I appreciate grades and regular progress reports

I care about my kids’ grades. I know that grades do not represent all that my kids learn or don’t learn, but they do represent how well they have been performing on assignments and tests.

I get a progress report emailed to me every other week so I can applaud their good work and discuss any visible problem areas. I encourage them to study and turn in their assignments and I work with them when they are struggling or when they ask for my help. I do not pay or reward my kids for good grades, and I do not punish them for poor grades.

Over the past few months, I noticed a problem area. One of my children was struggling in math. With almost every progress report, I noticed missing assignments or poor grades on quizzes or exams. When I pulled him aside to show him the progress report and ask him about his grades, he acted surprised. We would look for his missing assignments (they were usually somewhere in his binder) and discuss when he could retake quizzes (the teacher allows and encourages retakes). I talked to my child about the class and asked him if he understood what he was learning, or if he felt like he needed more assistance. I assumed that he was just getting used to the rigors of an advanced math class, a new school and new teachers, so I was not too worried.

When December rolled around, my son was still getting poor grades in math. He was not having difficulties in any of his other classes, so I decided to email the math teacher and ask her why she thought my son was struggling. We discussed his skills, his classroom participation and his scores. The teacher delicately told me that this particular advanced math class might not be the right fit for my son. She informed me that he could switch to a different class at the semester, without too much trouble. I discussed it with my son, and he decided to switch classes.

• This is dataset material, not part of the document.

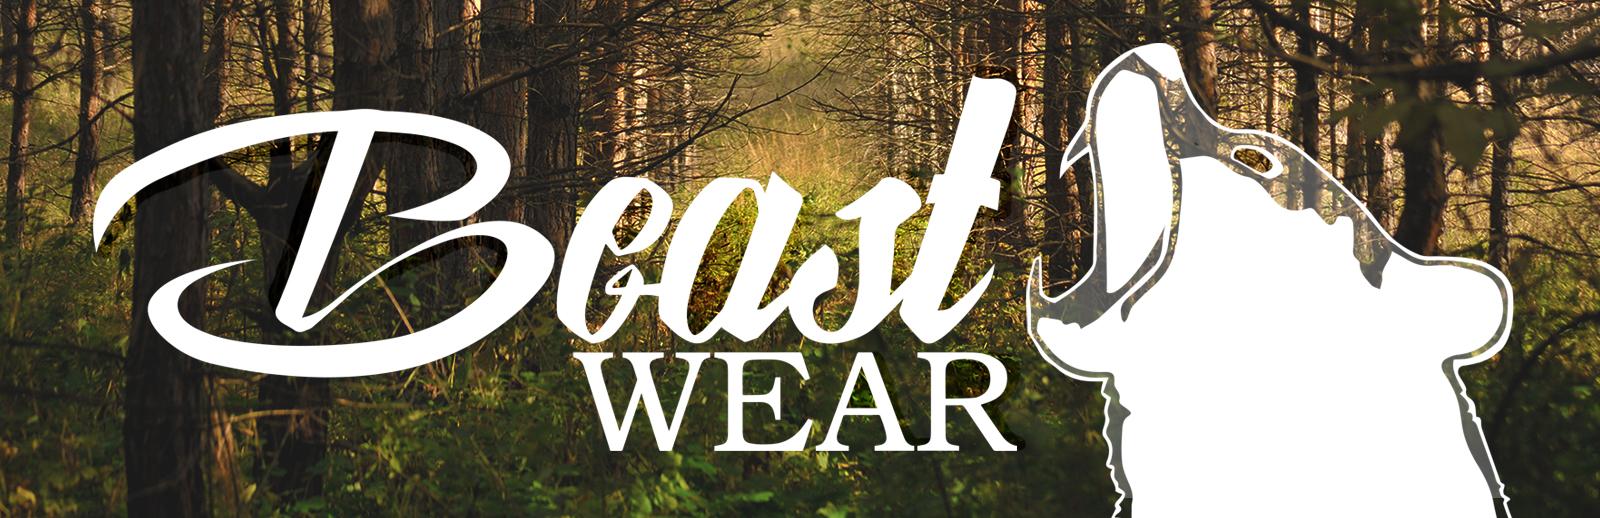 Header Beast Wear von Eric Large

It was difficult for my son to tell me that he was struggling. He was ashamed of his poor grades and embarrassed to change classes (he assumed all of the other students would notice). It was hard for me to let him fail (I believe that kids can learn a lot from failure), and hard for me to know when to step in and help.

I really don’t care what grades my kids get, I care that they understand what they are being taught. I appreciate grades and regular progress reports, because it helps me be more aware of my children’s education. Grades help me to know when I need to discuss struggles and failures and when to congratulate hard work and growth.

Do you check your kids grades? Do you have punishments for poor grades or rewards for good grades? How do you help your kids when they are struggling and get poor grades?  Share with me what works for you and your family.